Or, deux ou trois jours après ce conciliabule, Rodolphe tenait la corde, son poëme osanore avait été payé, il pesait quatre-vingts francs. Le surlendemain, Marcel avait émargé chez Médicis le prix de dix-huit portraits de caporaux, à six francs.
Marcel et Rodolphe avaient toutes les peines du monde à dissimuler leur fortune.
—Il me semble que je sue de l'or, disait le poëte.
—C'est comme moi, fit Marcel. Si Schaunard tarde longtemps, il me sera impossible de continuer mon rôle de Crésus anonyme.
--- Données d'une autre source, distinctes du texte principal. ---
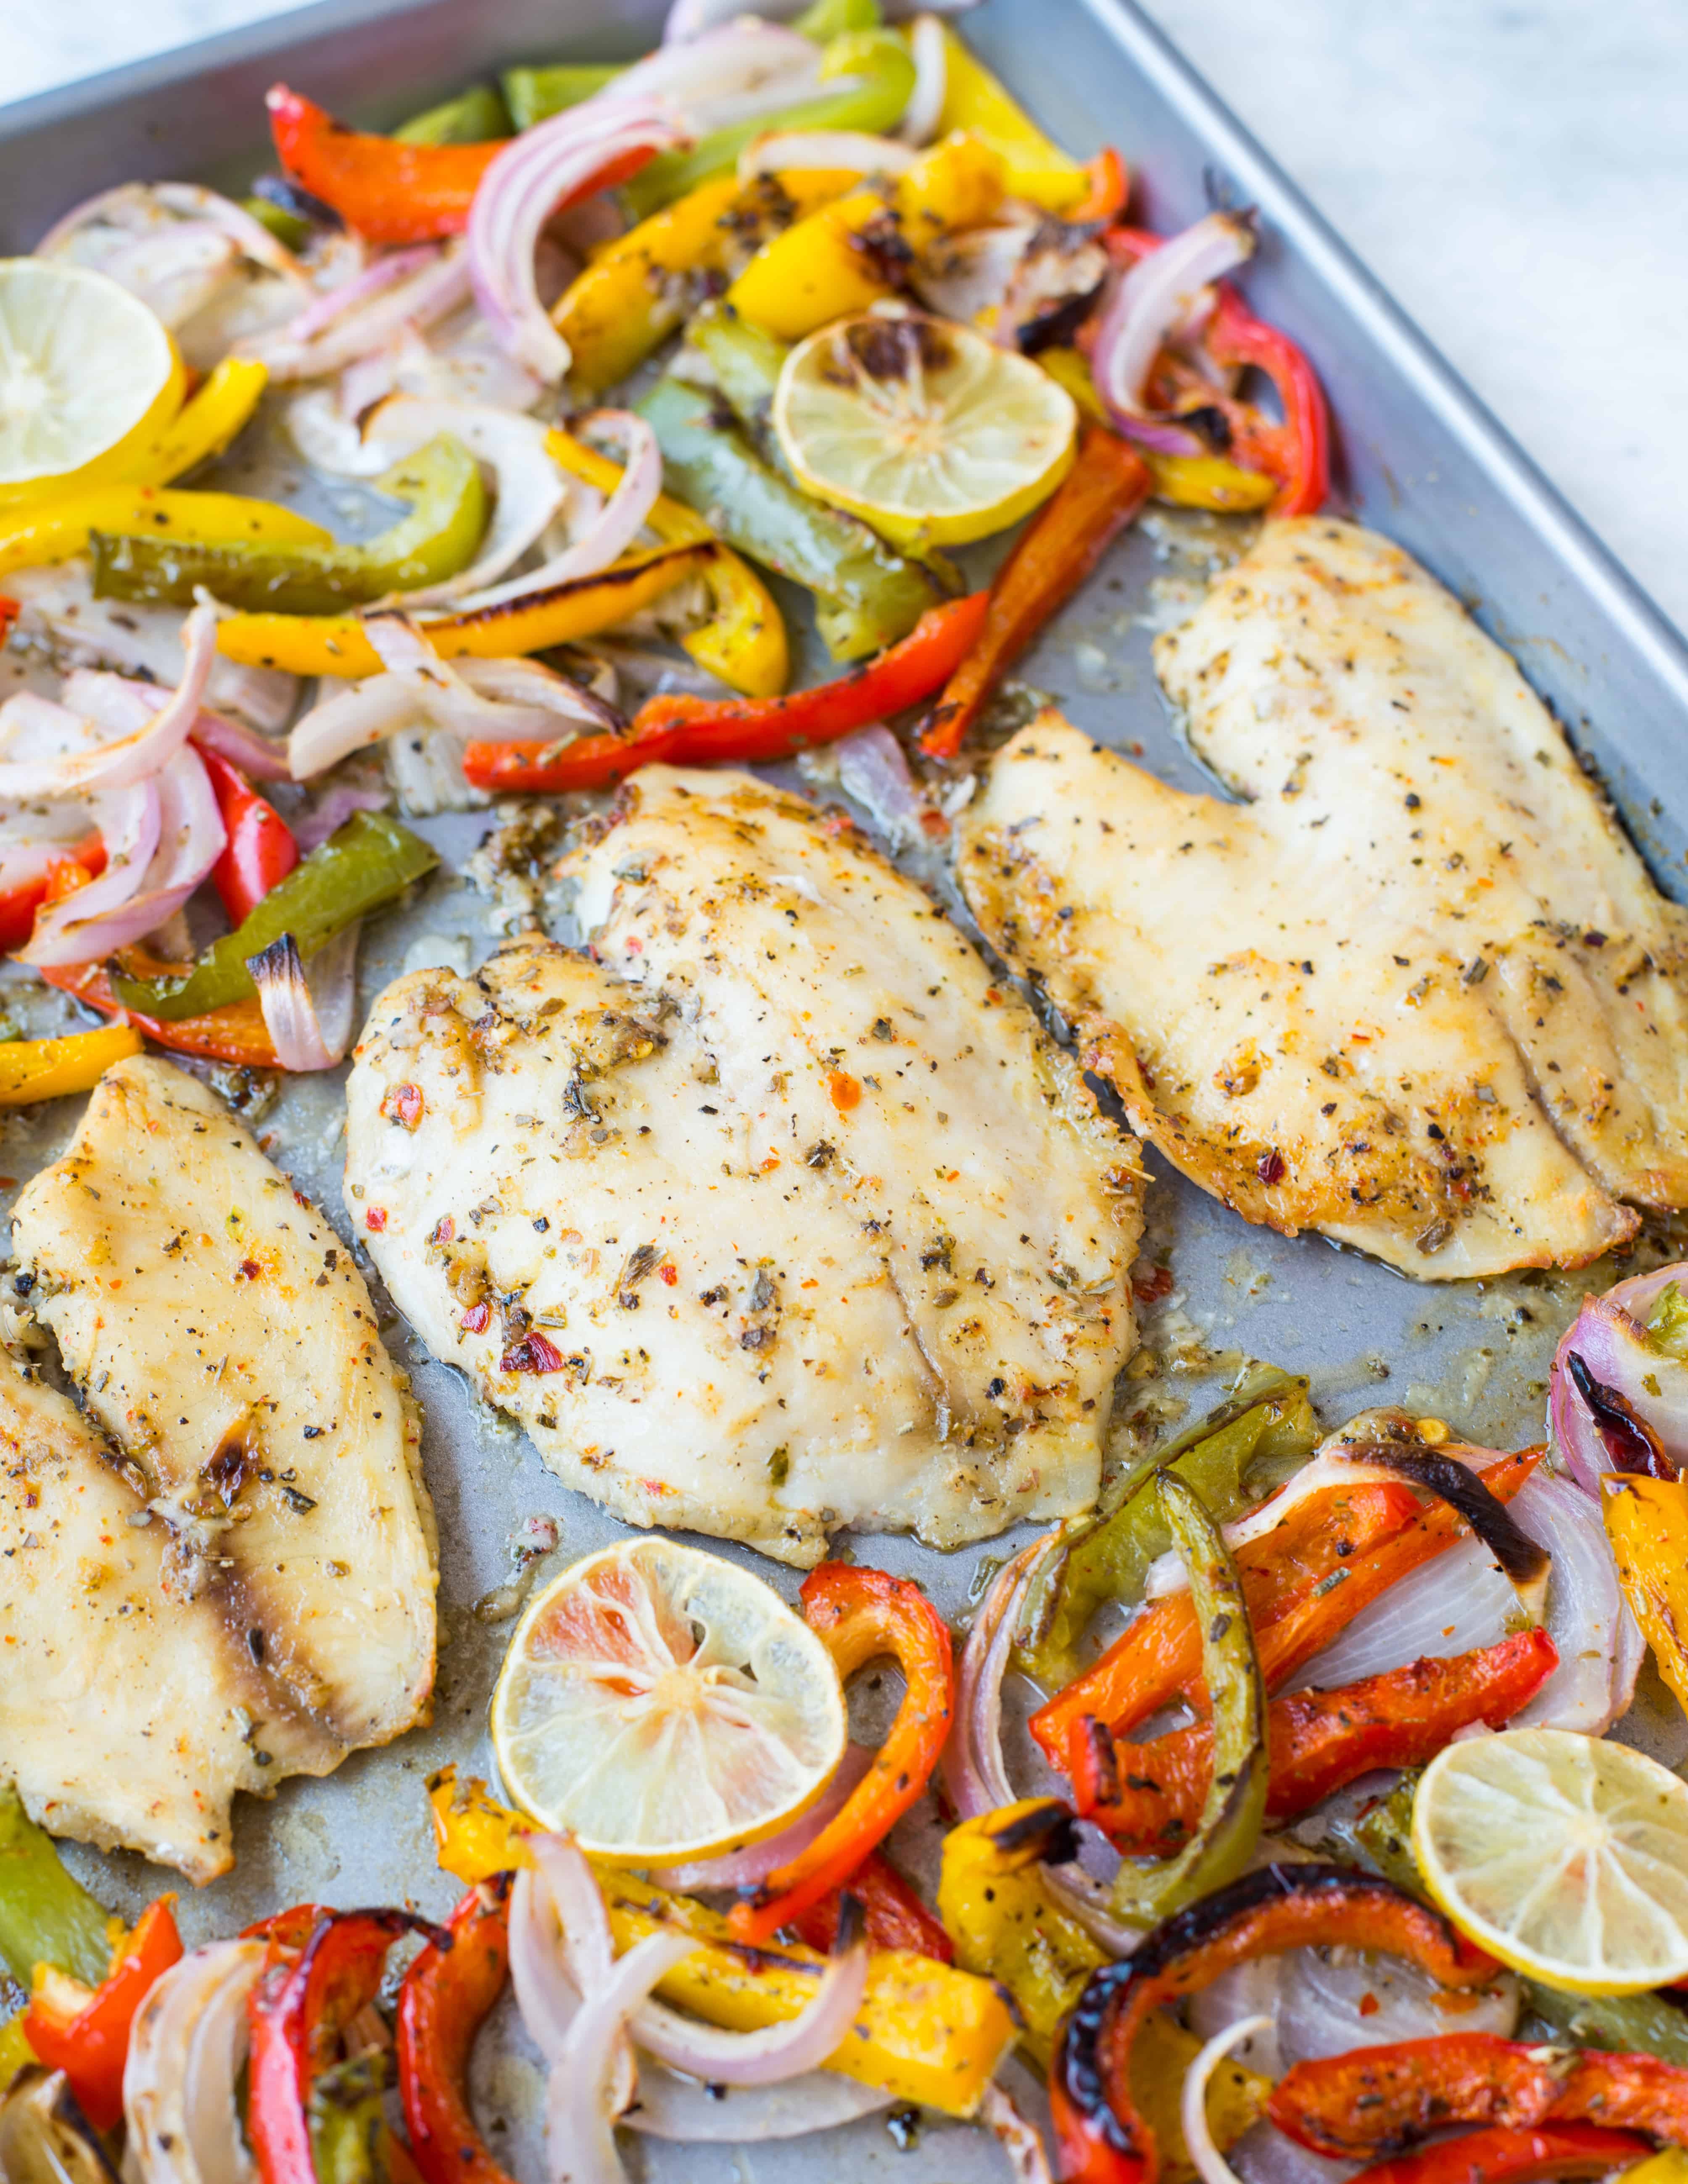 Lemon Garlic Baked Tilapia and Veggies in a delicious lemon garlic butter sauce. This Baked Tilapia recipe is a healthy dinner made in under 20 minutes.

Mais le lendemain même les bohèmes virent arriver Schaunard, splendidement vêtu d'une jaquette en nankin jaune d'or.
—Ah! mon Dieu, s'écria Phémie, éblouie en voyant son amant si élégamment relié, où as-tu trouvé cet habit-là?
—Je l'ai trouvé dans mes papiers, répondit le musicien en faisant un signe à ses deux amis pour qu'ils eussent à le suivre. J'ai touché leur dit-il, quand ils furent seuls. Voici les piles, et il étala une poignée d'or.
—Eh bien, s'écria Marcel, en route! Allons mettre les magasins au pillage! Comme Musette va être heureuse!
—Comme Mimi sera contente! ajouta Rodolphe.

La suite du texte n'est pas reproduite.